The district court judge, the Hon. Amy Totenberg, will preside over the case, which can be found at No. 1:17-CR-00234. There are no pending deadlines or events on the docket at present.
Posted On Friday, September 29, 2017
What Happened?
In a brief filed September 27, the Department of Justice urged the Supreme Court to allow law enforcement to access historical cellphone location information without a warrant.
The Rundown
In June, the Supreme Court granted certiorari in Carpenter v. U.S., 16-402, which challenges the Sixth Circuit’s classification of cell-site location information as business records not subject to the Fourth Amendment’s warrant requirement. Carpenter, represented by the ACLU, argued in his opening brief that courts should require law enforcement to obtain a warrant in order to access cell-site location information because this information provides a detailed itinerary of where a person has been and the people he has been with. According to Carpenter, “[t]racing a person’s geographical movements reveals highly sensitive personal information, and prior to the digital age, people reasonably expected that police in most investigations would not have followed a person and recorded her every movement for days or weeks on end.” Carpenter argues that this same reasonable expectation of privacy analysis must also apply to cell-site location information.
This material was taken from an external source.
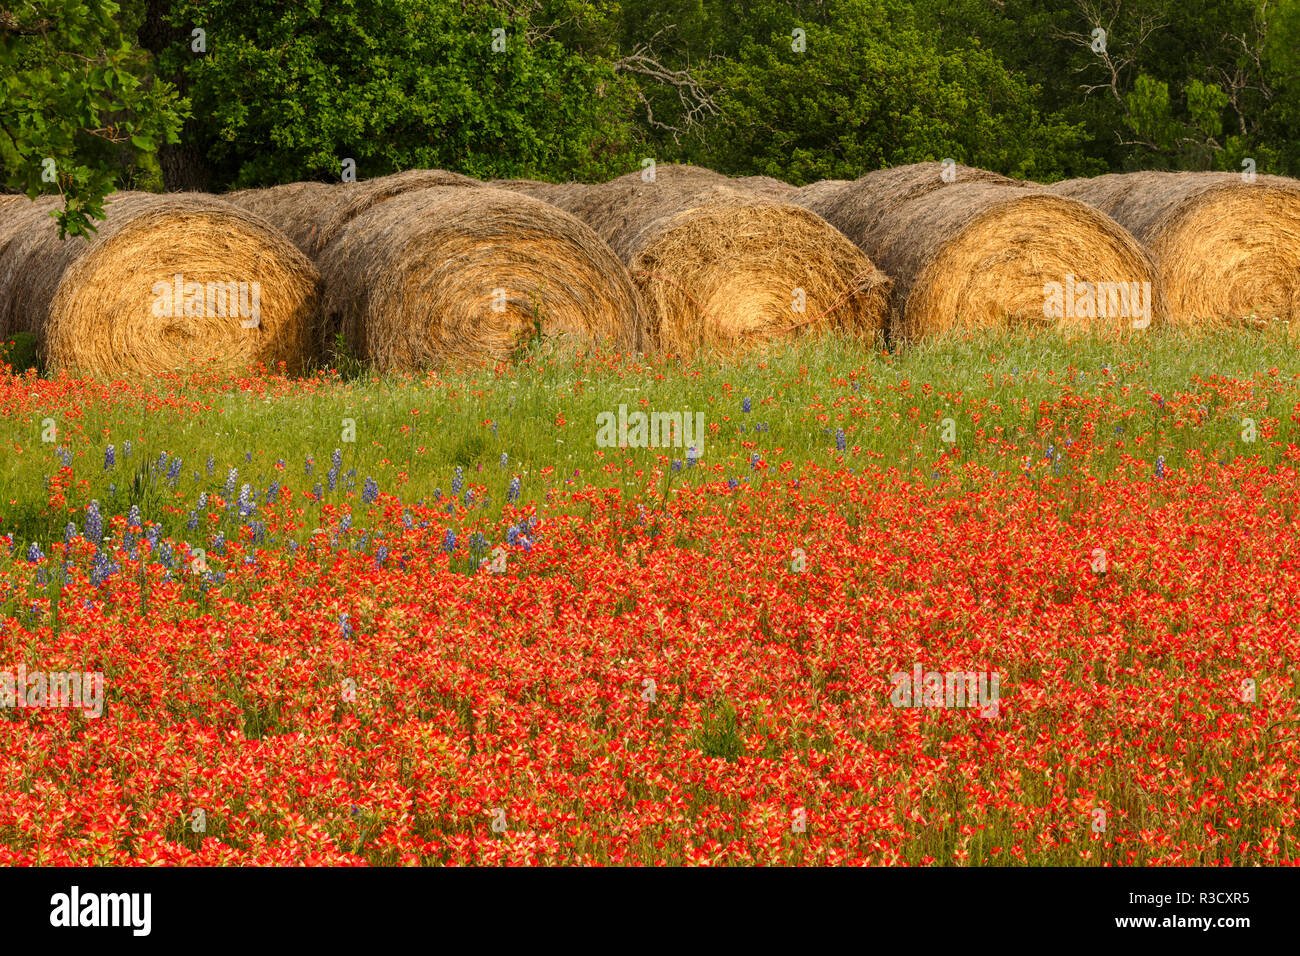 Hay bales and red Texas paintbrush flowers, Texas hill country near Marble Falls, Llano, Texas Stock Photo
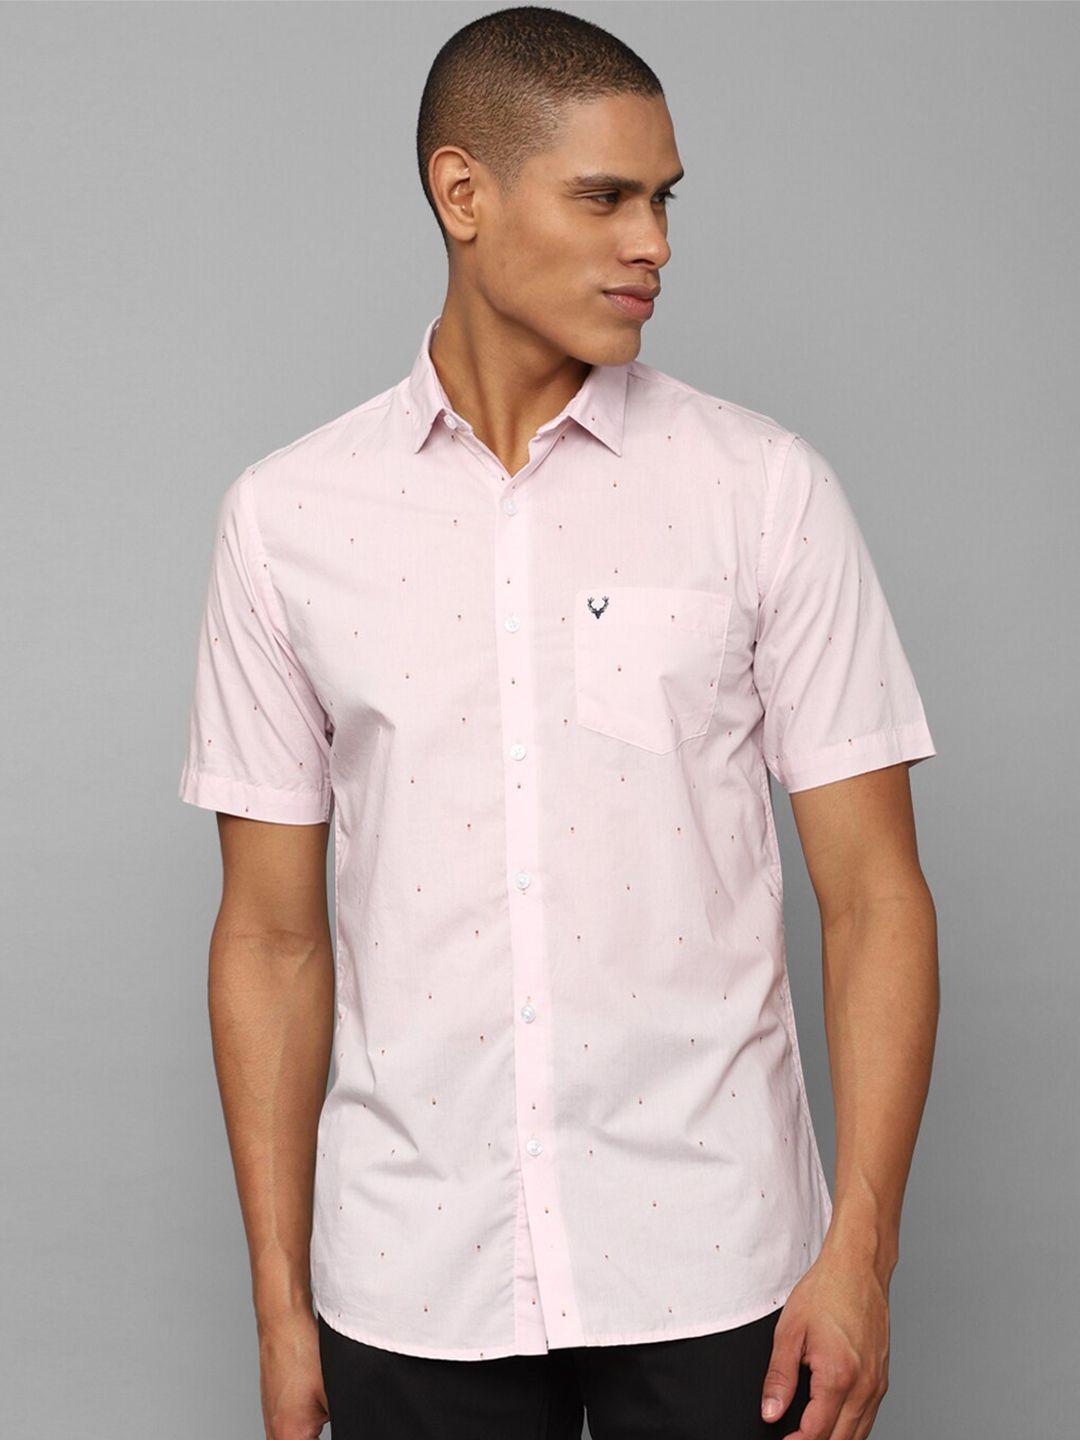 allen-solly-men-slim-fit-printed-pure-cotton-casual-shirt

The government, on the other hand, contends that cellphone users “voluntarily reveal to their providers information about their proximity to cell towers so the providers can connect their calls” and therefore “[u]sers cannot reasonably expect that the providers will not reveal that business information to the government.” In the absence of any legitimate expectation of privacy in this information, DOJ argued, the government can access this information without implicating the Fourth Amendment. DOJ relied on Supreme Court cases from the 1970s holding that Fourth Amendment protections do not apply to third party records containing non-content information about an individual. The government contrasted cell-site information with email (which the Fourth Amendment protects) explaining that “[e]mail is routed through a provider, and its contents, like those of a sealed letter in the mail, may remain private,” but “because cell tower information is sent to the provider and used in its own business; it falls within the traditional third party doctrine.”
Multiple companies in the technology industry have also weighed in. Apple, Facebook, Google, Twitter, Microsoft, Airbnb, Cisco Systems, and Verizon filed amicus briefs in August arguing that law enforcement needs a warrant to obtain historical cellphone location records. These businesses claim that the third party doctrine’s application to today’s increasingly sophisticated tracking technology could “eliminate citizens’ privacy in the modern age.” They argue that “[c]onsumers should not be forced to relinquish Fourth Amendment protections against government intrusion simply by choosing to use [modern cellphone] technologies,” and that “the court should forgo reliance on outmoded rules that make little sense when applied in the digital context.”
What Happens Next
This case will be heard in the Supreme Court’s upcoming term, which starts October 2. A specific date for oral argument has not been set.